» REQUIRED ACTION
The output should contain the listing word for word and no pictures.

» DATA EXTRACT
Start of Block
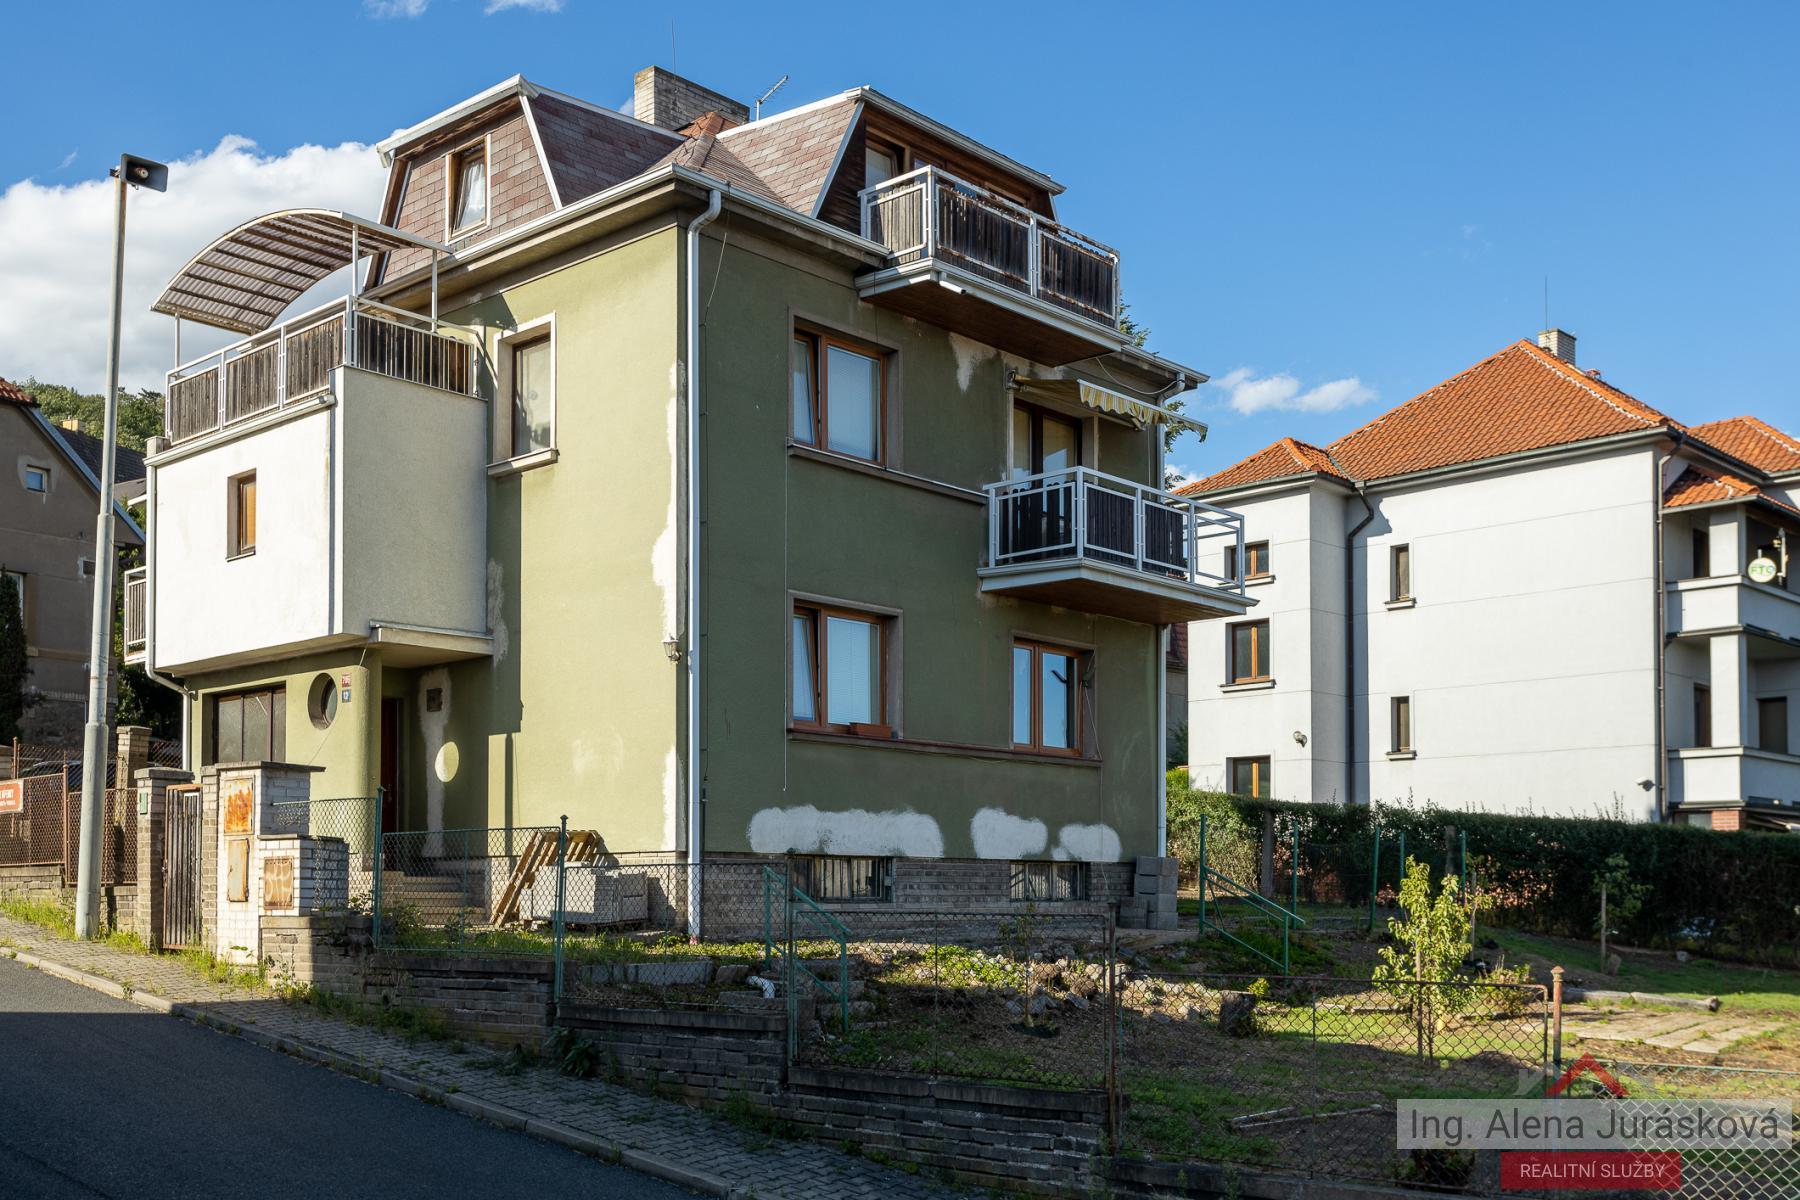 Rodinný dům se třemi byty a zahradou 585 m2, U Vápenky, Praha 5, Radotín
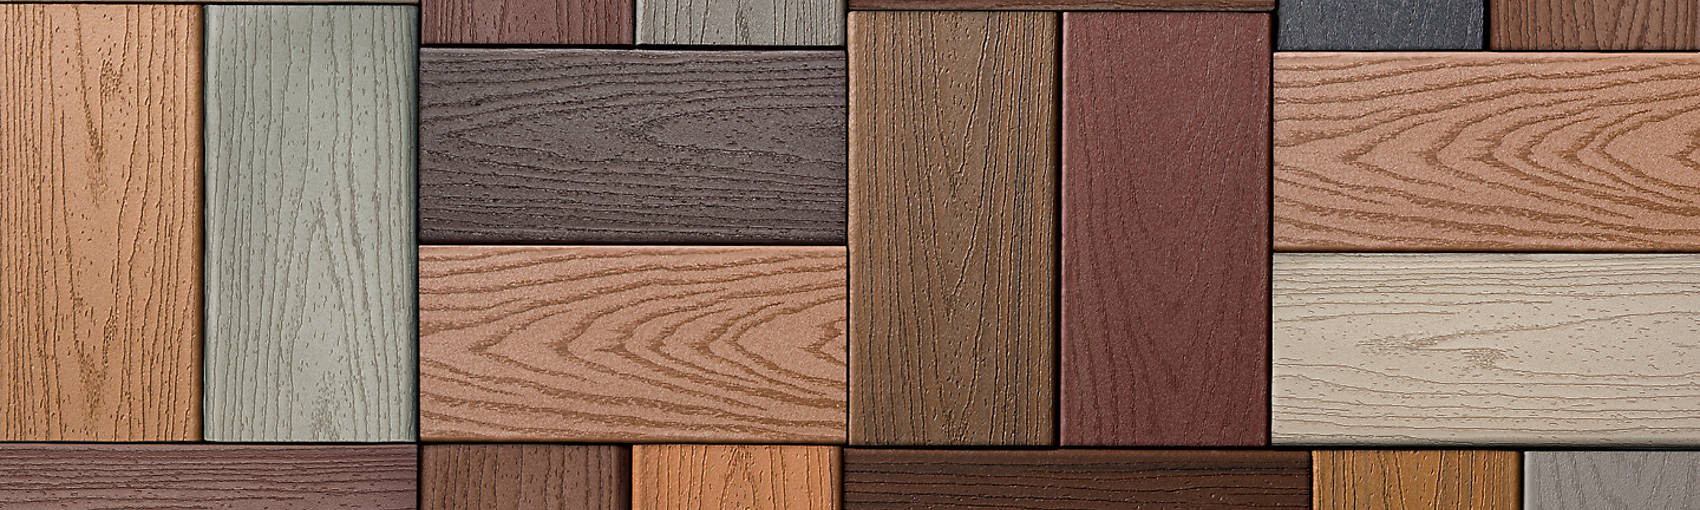 Northern Mills Hardwood Flooring Inc Of Composite Decking Composite Deck Materials Trex Inside Trex Color Selector Hero 2
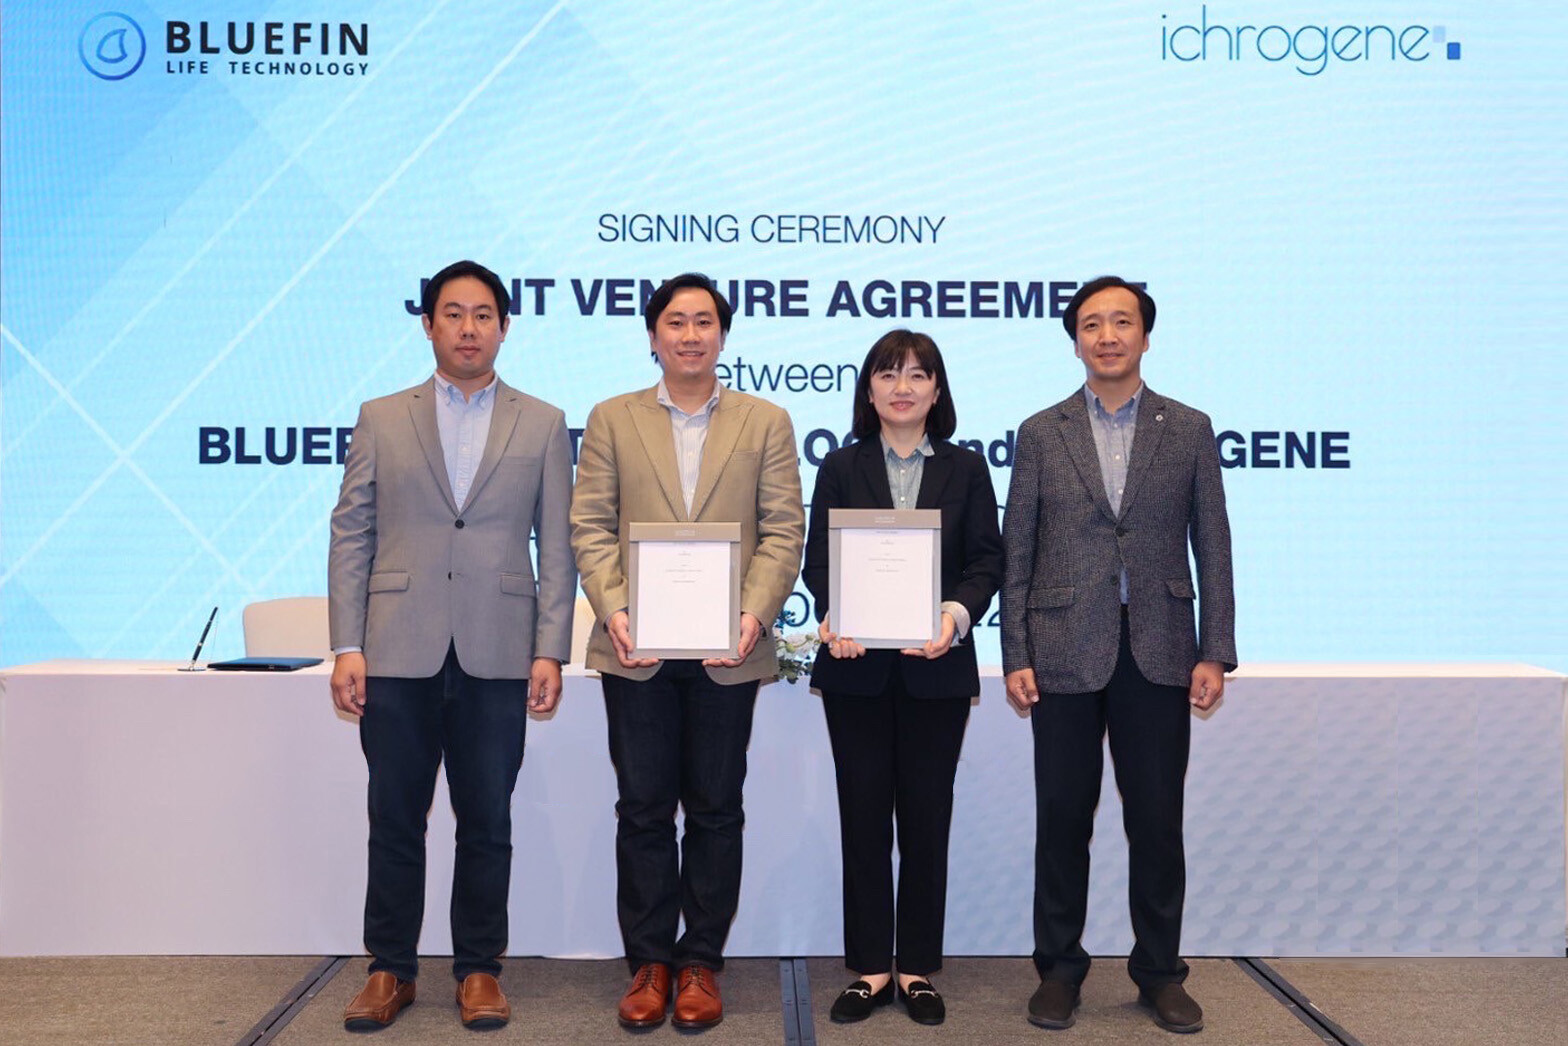 Bluefin Life Technology ลงนามร่วมทุนกับ Ichrogene จากเกาหลีใต้ เพื่อพัฒนาการแพทย์แห่งอนาคต 'ดิจิทัล เฮลธ์'
End of Block
» TASK SOLUTION
 Rodinný dům se třemi byty a zahradou 585 m2, U Vápenky, Praha 5, Radotín
 Northern Mills Hardwood Flooring Inc Of Composite Decking Composite Deck Materials Trex Inside Trex Color Selector Hero 2
 Bluefin Life Technology ลงนามร่วมทุนกับ Ichrogene จากเกาหลีใต้ เพื่อพัฒนาการแพทย์แห่งอนาคต 'ดิจิทัล เฮลธ์'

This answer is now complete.